To ensure there is no misunderstanding of where this boot is aimed, Randall-MacIver affirms that he is happy to have his ‘wholly independent and original' report judged upon its own merits and that no reference has been made to ‘various books which it is impossible to praise and would have been invidious to criticize'. That means all the books on the subject to date with the exception of Dr Theal's
Records of South Eastern Africa
which Rhodes paid for: ‘Apart from the collection of documents embodied in that admirable work, there exists no bibliography with which the student need be troubled.'

If this is not insulting enough to people like Theodore Bent and Richard Nicklin Hall who have published hundreds of pages on the subject under similar scientific patronage to his own (the Rhodes Trust, the Royal Geographical Society and the British Association), Randall-MacIver extends it to all the amateur theorists as well: ‘Before there was sufficient evidence on which to base any suggestions as to origin or date, popular opinion had confidently settled the question to its own satisfaction. It had decided that the Rhodesian ruins must be of immense antiquity, and, following the mediaeval chroniclers with an uncritical credulity that would have been as admirable in their day as it is unworthy in our own, have pronounced Zimbabwe and all similar buildings to be the work of an ancient people from the East. . . . Journalists and popular writers professed, as might be expected, a knowledge of lost ancient history which the most learned Orientalists do not dream of claiming.' If arrogance were not enough he is then more than a little patronising: ‘Still it was possible, of course, that these romanticists might prove to be correct; although only guessing, they might have blundered on the truth.'

As the title of his book indicated, David Randall-MacIver did not believe they had, but I will leave the profound and dismissive extent to which he felt so until we have heard his evidence. In the meantime he has at least supplied us with a label for all those who would disagree so vehemently with him. They were, henceforth, the Romantics. David Randall-MacIver actually used the phrase ‘Romantics' when presenting his medieval theory to a public meeting in Bulawayo, which must have comprised Romantics to the man. It is a tough, pioneer town. David Randall-MacIver cannot possibly have suspected how close he came to being tarred and feathered.
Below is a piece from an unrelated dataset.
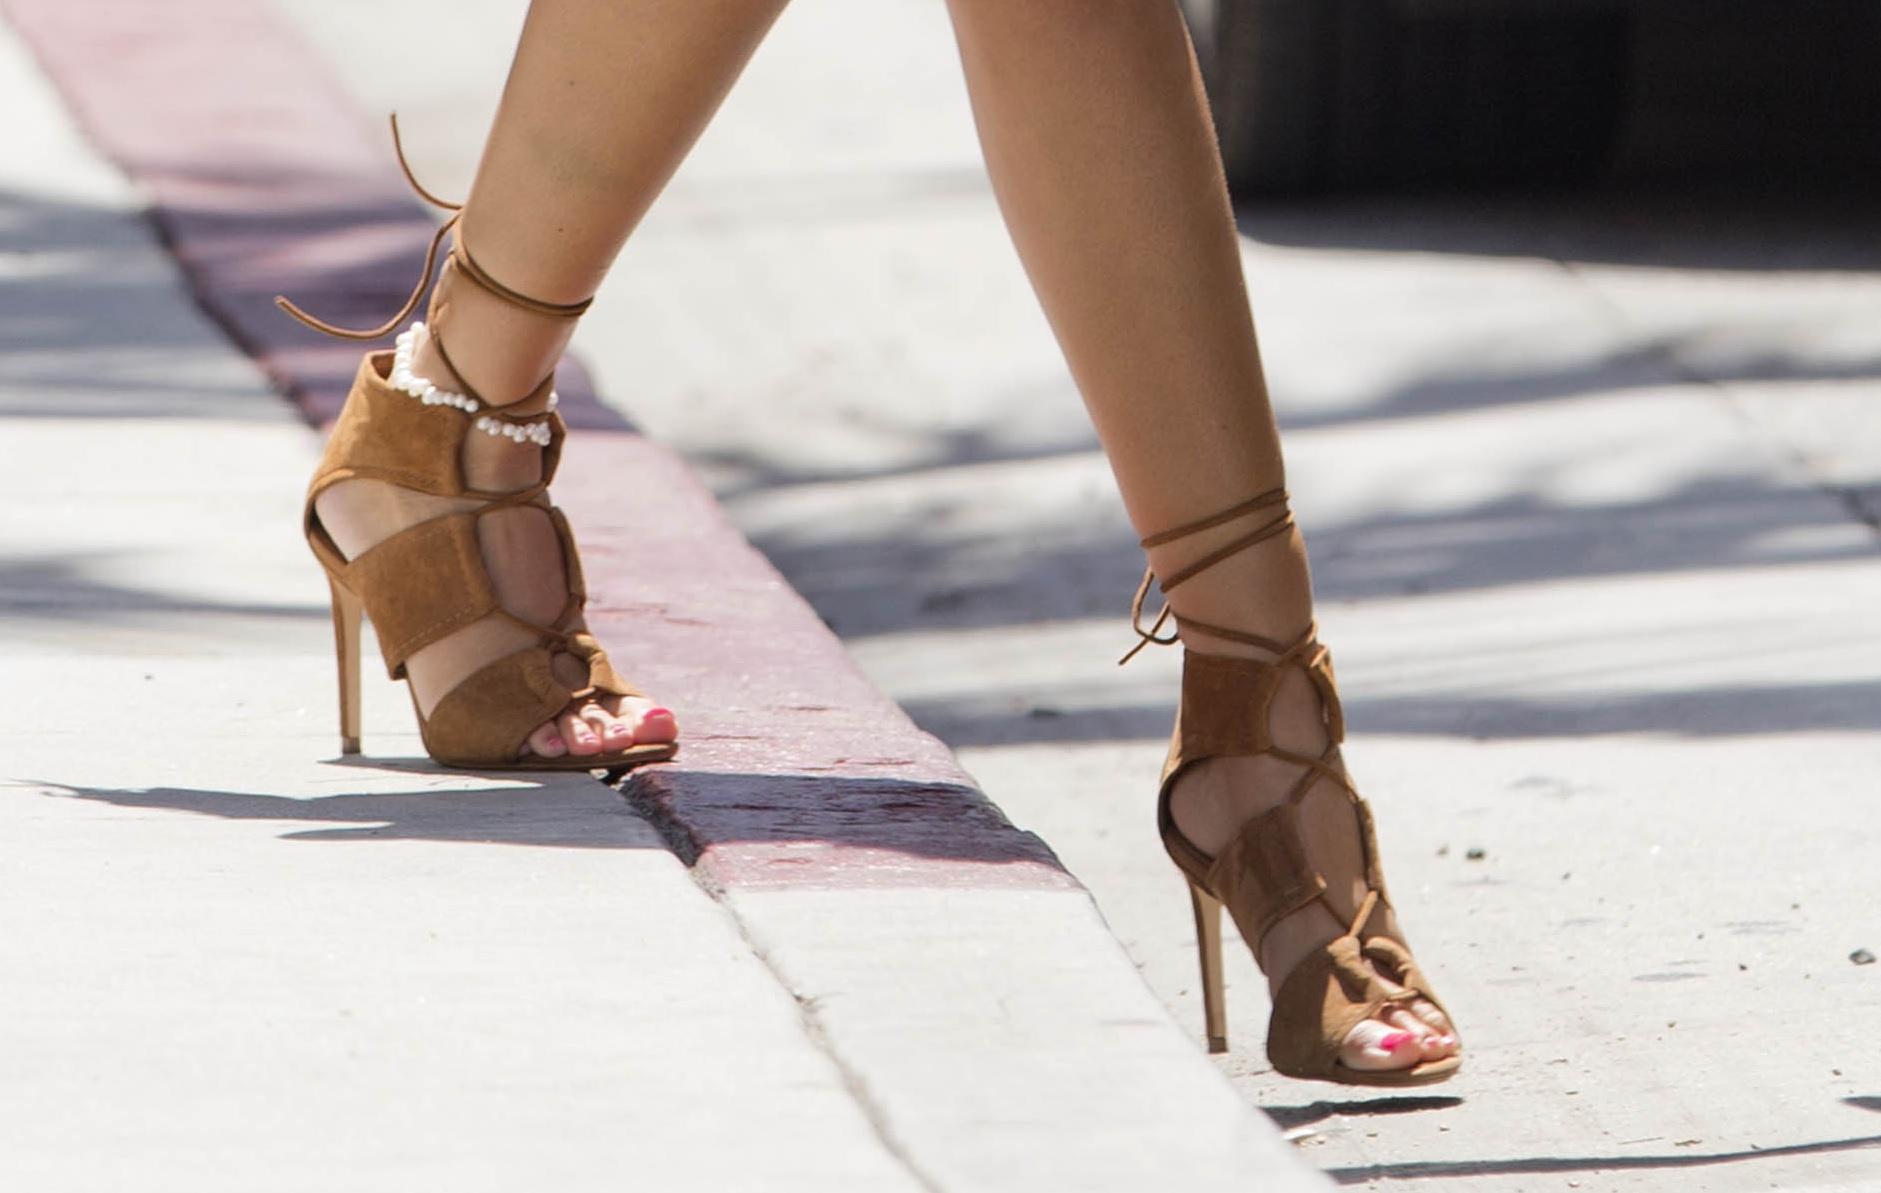 Cheap Gold High Heels For Women  Is Heel - Part 995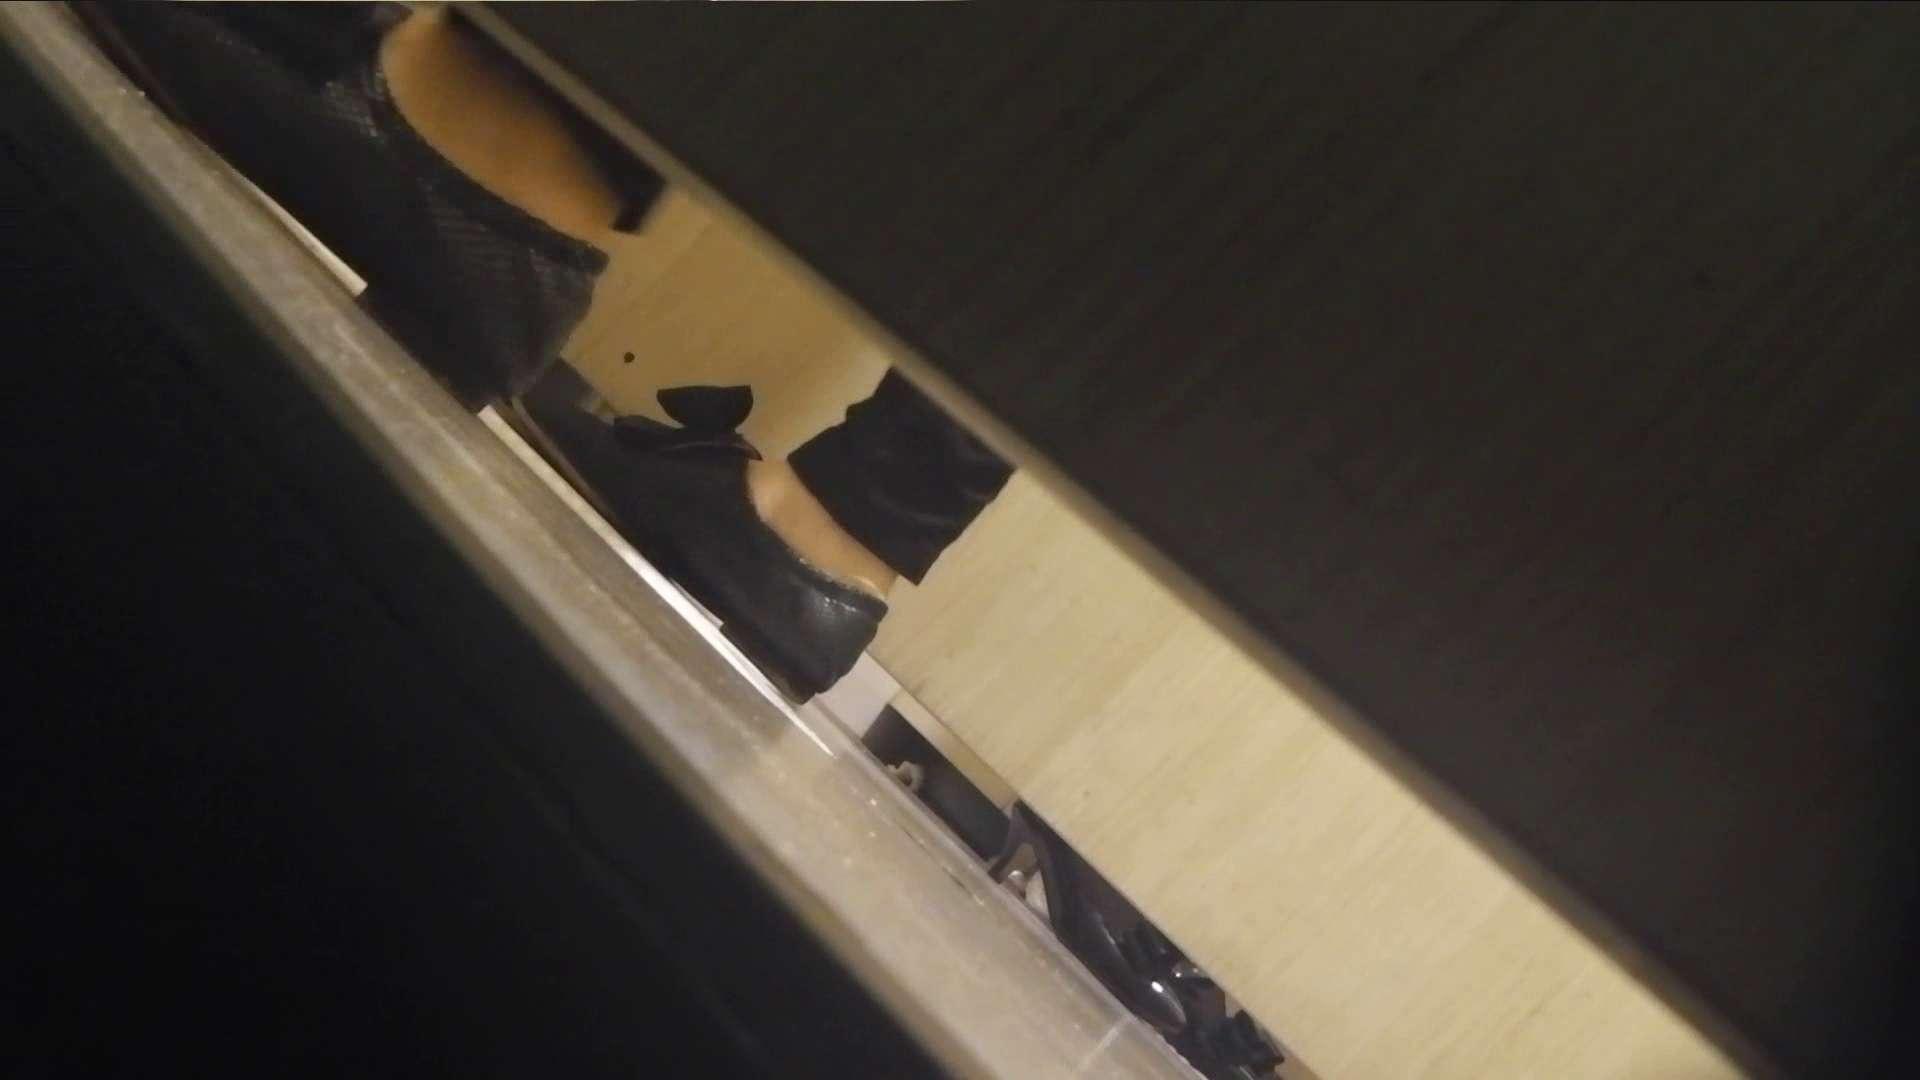 阿国ちゃんの「和式洋式七変化」No.17 洗面所   丸見えマンコ  95画像 86

Randall-MacIver's report also marks the moment when the lost city became a political pawn. It was felt by both camps, if covertly at first, that whomsoever could prove ancestors who were the authors of the lost city – White Semites v Black Bantu – had the moral right to rule Zimbabwe. When eventually it came to a bloody fight between these two camps ‘Zimbabwe' would be on every black banner, ZAPU (Zimbabwe African People's Union) for the party which would eventually be led by Joshua Nkomo, and ZANU for the Zimbabwe African National Union led by Robert Mugabe.

Through these years I was the Controller of Rhodesia Television in Bulawayo. My daughter Lisa's maid, Annie Mutesa, was Joshua's niece. She and I, the police told us, were both on ‘blacklists', she on ZANU's, me on both because of my position as a white television ‘propagandist', albeit a rather pro-black one. Annie, who protected my children like a tigress, said it was probably better if ZANU took care of me because otherwise she might have to. Thankfully it never came to that; in fact, she was very upset when we left the country.

Mr Smith's parliament tried to diffuse the issue of the authorship of the lost city via a parliamentary order banning any suggestion that it was of indigenous African origin. I had earlier spent some time in the parliamentary press gallery with Robert Mugabe, he for the
African Daily News
, myself for the
Rhodesia Herald
, when the political row about the colour of the builders of Great Zimbabwe first began to rumble. At about that time, however, the
Daily News
was also banned. Robert, whom I had admired for his fiery commitment to his cause, went off to Mozambique to raise an army of freedom fighters. I, taking the hint from one of Mr Smith's ministers, went into voluntary exile in Britain and raised a family.